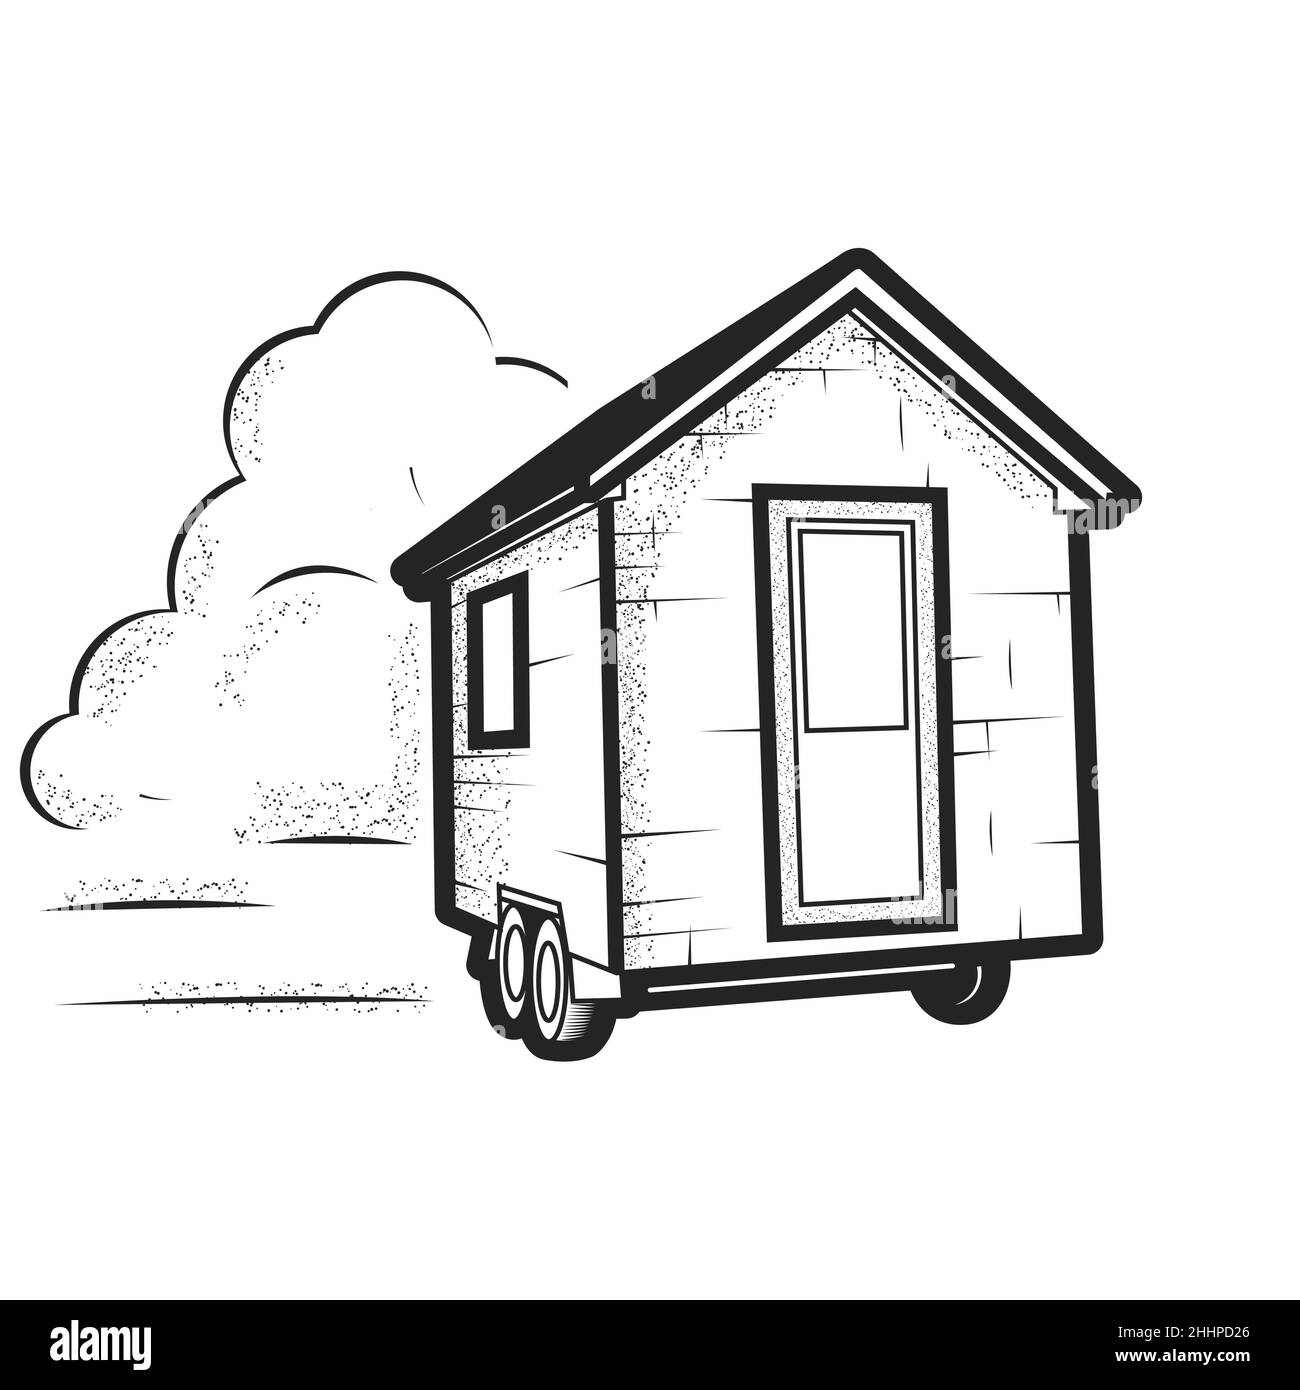 Petite maison minuscule sur roues, cabane de remorque, cabane de petite taille à roues, vecteur Illustration de Vecteur
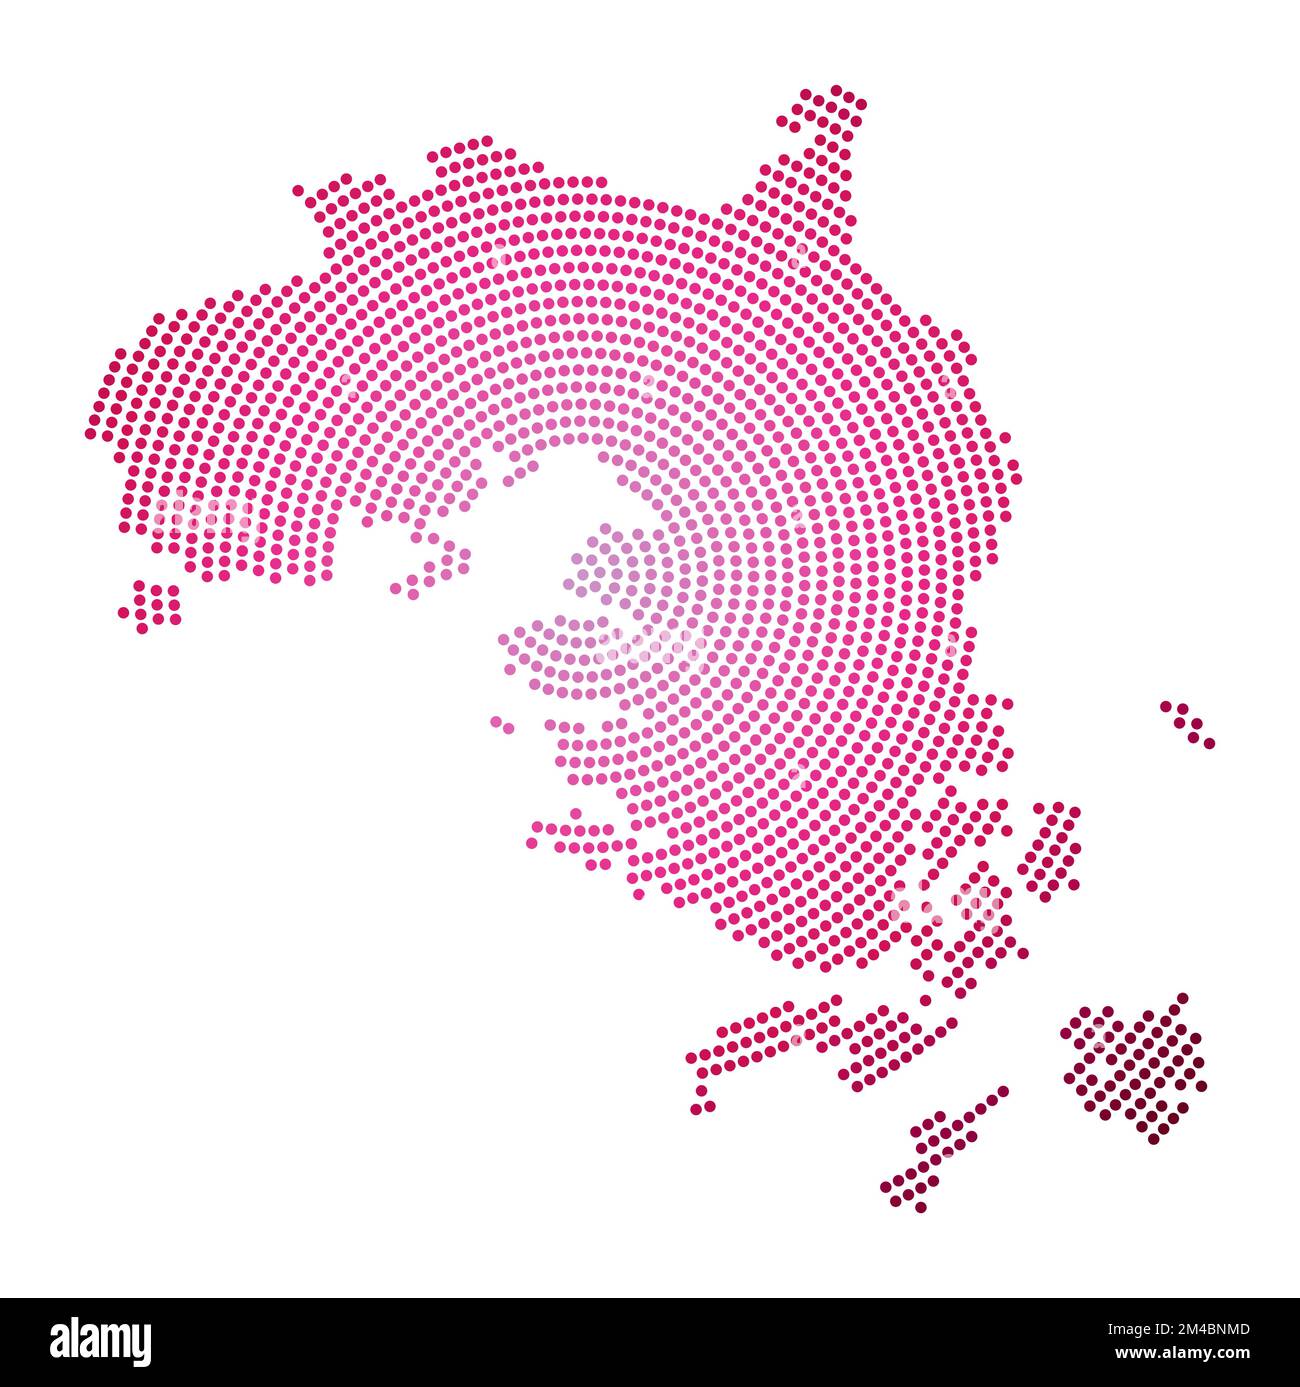 Gepunktete Karte der Insel Bintan. Digitale Form der Insel Bintan. Technisches Symbol der Insel mit abgestuften Punkten. Stilvolle Vektordarstellung. Stock Vektor
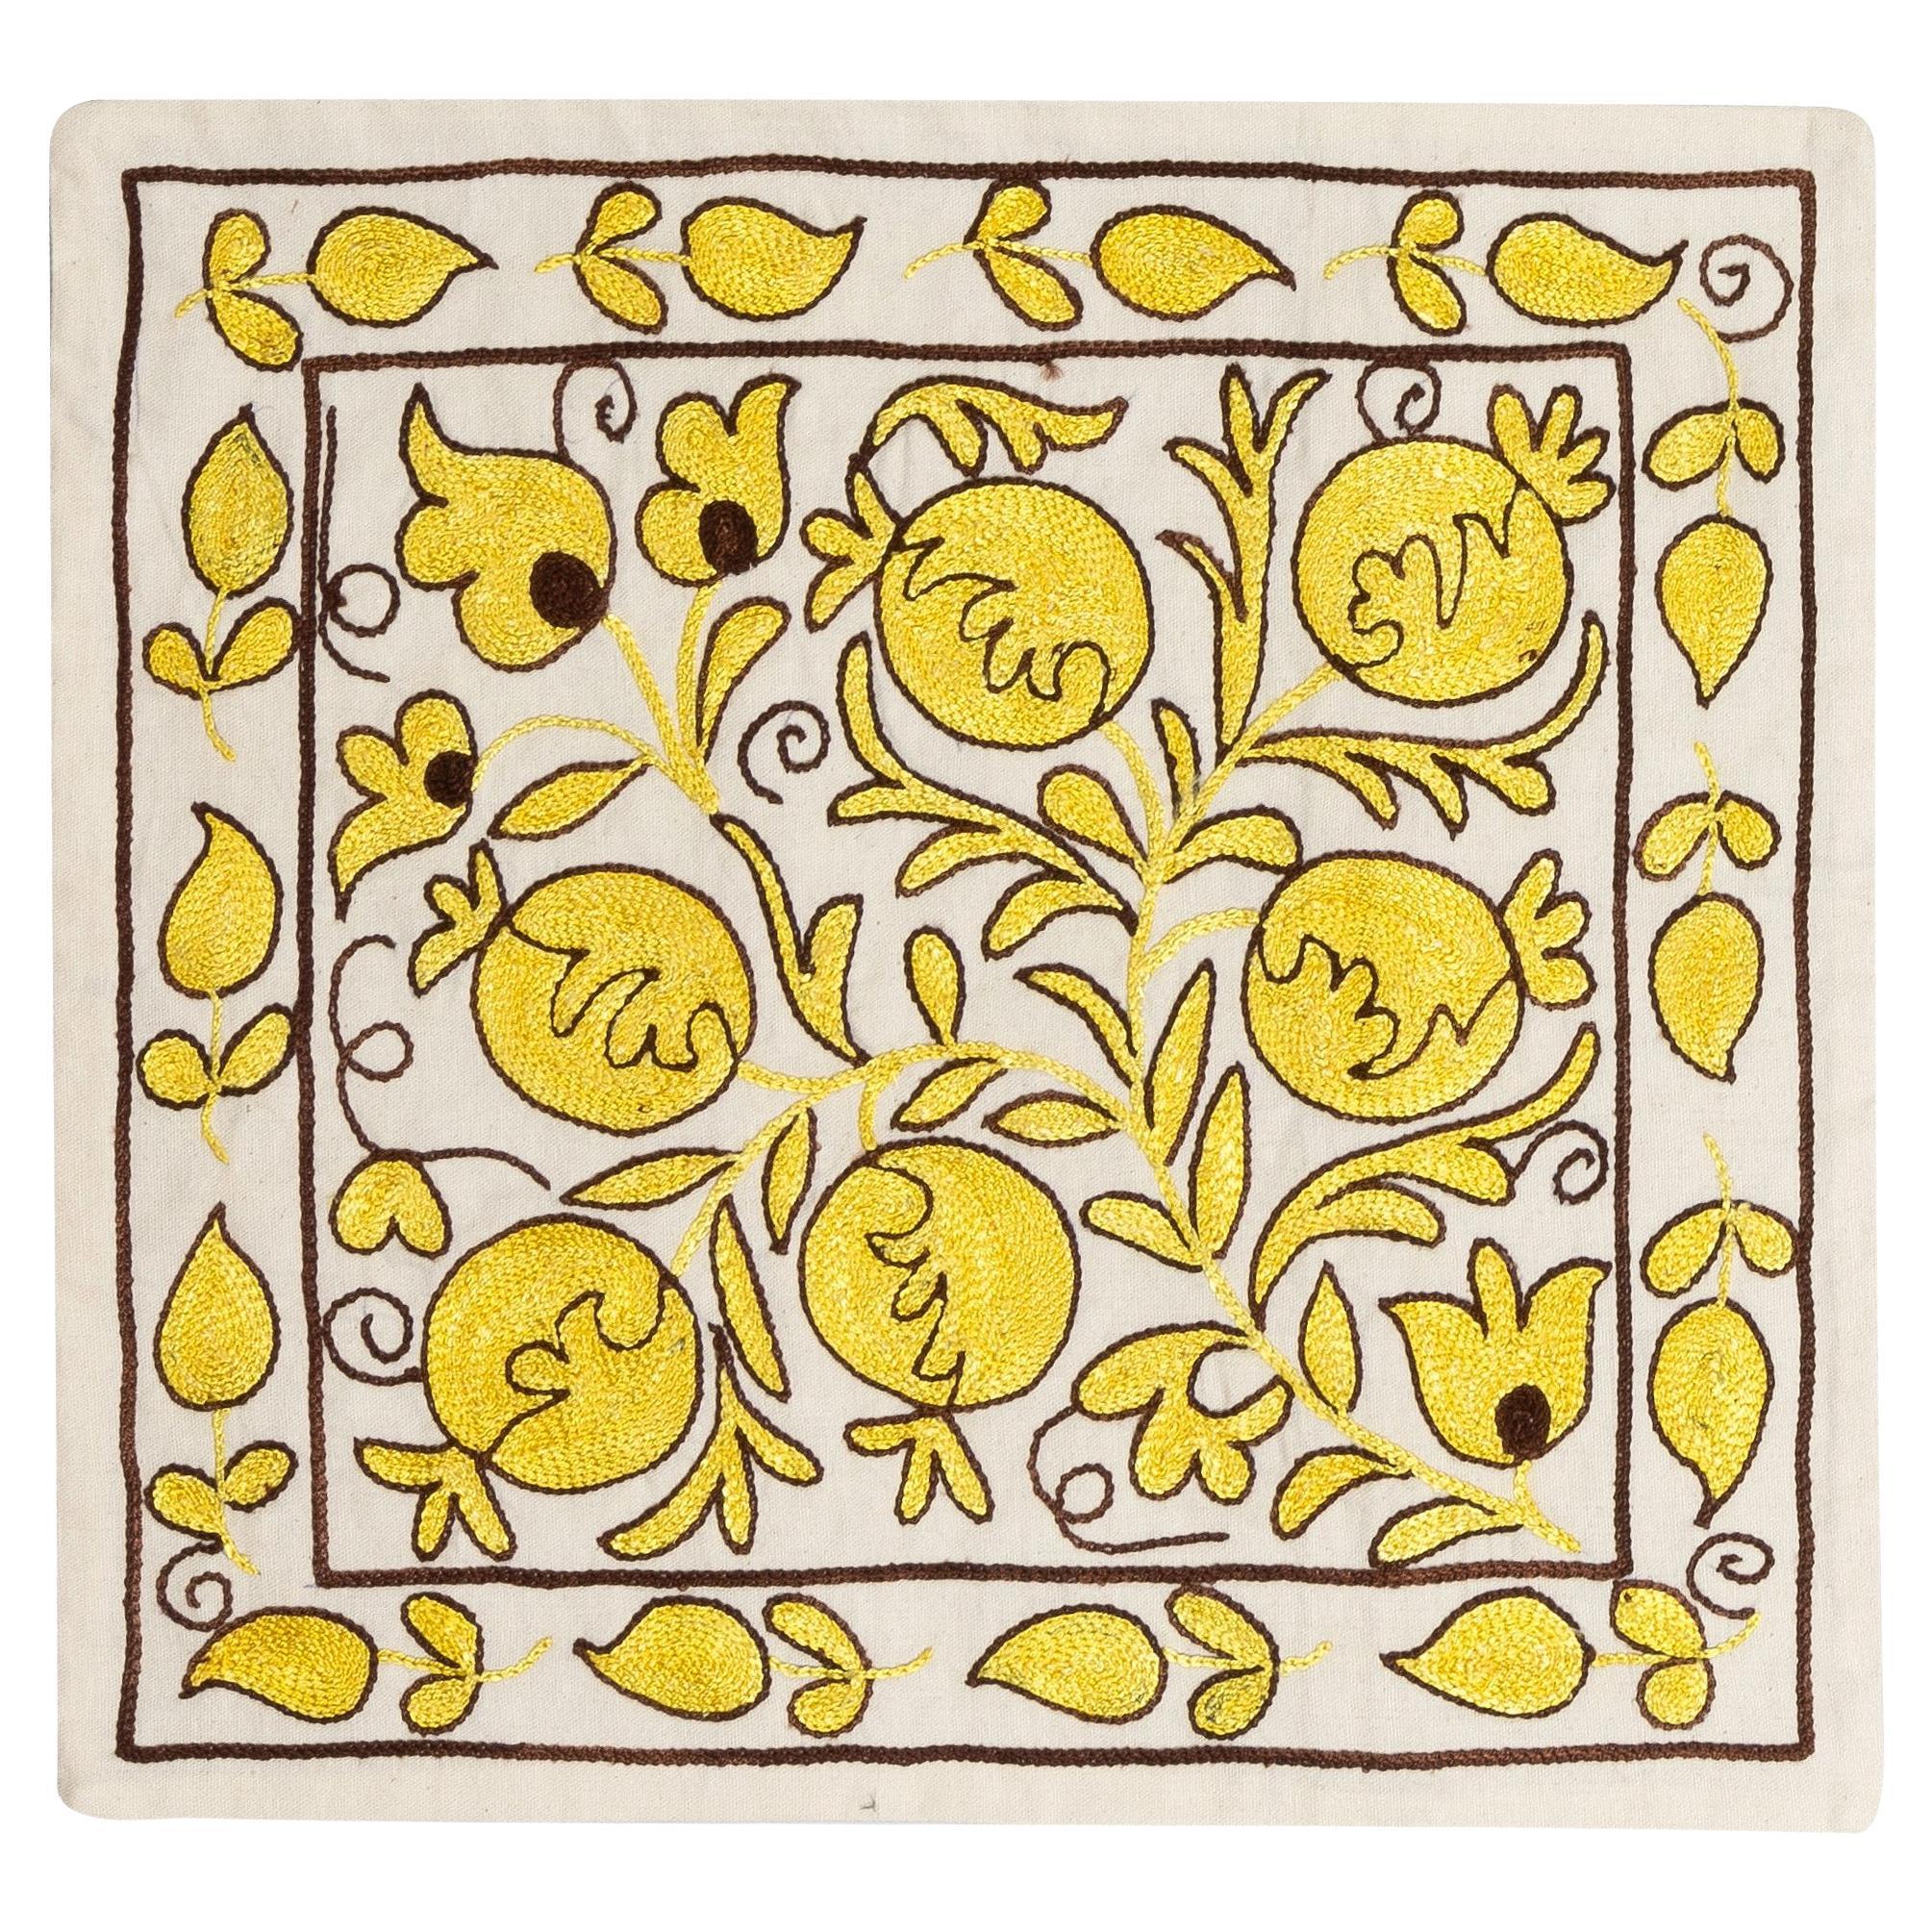 19"x19" Handgefertigter Seiden-Stickerei-Kissenbezug. Suzani-Kissen in Creme & Gelb
•••
### [Exercise]
All of the data, minus its pictures, should be repeated exactly.

### [Worked solution]
 Petite maison minuscule sur roues, cabane de remorque, cabane de petite taille à roues, vecteur Illustration de Vecteur
 Gepunktete Karte der Insel Bintan. Digitale Form der Insel Bintan. Technisches Symbol der Insel mit abgestuften Punkten. Stilvolle Vektordarstellung. Stock Vektor
 19"x19" Handgefertigter Seiden-Stickerei-Kissenbezug. Suzani-Kissen in Creme & Gelb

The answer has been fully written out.